## Your objective
Nothing but the lines from the one containing "Spodnie jeansowe dla" through the one containing "Что америка говорит", both included, should be given again, each exactly as written below.

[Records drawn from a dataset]
§ §

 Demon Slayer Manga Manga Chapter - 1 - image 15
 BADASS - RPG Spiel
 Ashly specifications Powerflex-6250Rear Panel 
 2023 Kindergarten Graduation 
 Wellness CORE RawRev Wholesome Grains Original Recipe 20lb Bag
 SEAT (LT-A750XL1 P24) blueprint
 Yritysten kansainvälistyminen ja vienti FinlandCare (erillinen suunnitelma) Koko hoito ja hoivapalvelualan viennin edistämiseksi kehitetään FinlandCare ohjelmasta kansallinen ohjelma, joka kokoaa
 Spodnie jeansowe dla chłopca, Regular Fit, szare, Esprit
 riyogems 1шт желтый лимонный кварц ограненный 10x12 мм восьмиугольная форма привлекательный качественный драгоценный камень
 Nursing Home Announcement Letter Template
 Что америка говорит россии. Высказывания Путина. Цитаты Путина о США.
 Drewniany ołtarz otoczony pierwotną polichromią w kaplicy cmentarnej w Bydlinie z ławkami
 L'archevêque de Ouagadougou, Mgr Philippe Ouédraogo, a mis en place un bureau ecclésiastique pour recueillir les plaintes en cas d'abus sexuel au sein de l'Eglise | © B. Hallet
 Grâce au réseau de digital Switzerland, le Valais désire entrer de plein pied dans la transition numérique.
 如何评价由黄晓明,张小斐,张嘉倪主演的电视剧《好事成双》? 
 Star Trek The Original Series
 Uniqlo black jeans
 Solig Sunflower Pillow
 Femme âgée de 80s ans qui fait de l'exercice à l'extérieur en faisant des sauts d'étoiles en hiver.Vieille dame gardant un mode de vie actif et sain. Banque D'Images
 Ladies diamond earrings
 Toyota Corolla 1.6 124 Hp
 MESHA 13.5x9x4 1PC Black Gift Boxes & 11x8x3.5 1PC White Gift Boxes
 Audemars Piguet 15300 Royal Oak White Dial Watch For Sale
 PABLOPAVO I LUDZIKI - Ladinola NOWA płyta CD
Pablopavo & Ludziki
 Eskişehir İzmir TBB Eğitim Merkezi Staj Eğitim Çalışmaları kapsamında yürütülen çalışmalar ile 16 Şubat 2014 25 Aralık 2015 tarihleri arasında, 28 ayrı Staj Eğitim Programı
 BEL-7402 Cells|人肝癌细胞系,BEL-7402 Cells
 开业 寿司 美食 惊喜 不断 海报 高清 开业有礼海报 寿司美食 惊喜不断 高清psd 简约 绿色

§ §

## Task result
 Spodnie jeansowe dla chłopca, Regular Fit, szare, Esprit
 riyogems 1шт желтый лимонный кварц ограненный 10x12 мм восьмиугольная форма привлекательный качественный драгоценный камень
 Nursing Home Announcement Letter Template
 Что америка говорит россии. Высказывания Путина. Цитаты Путина о США.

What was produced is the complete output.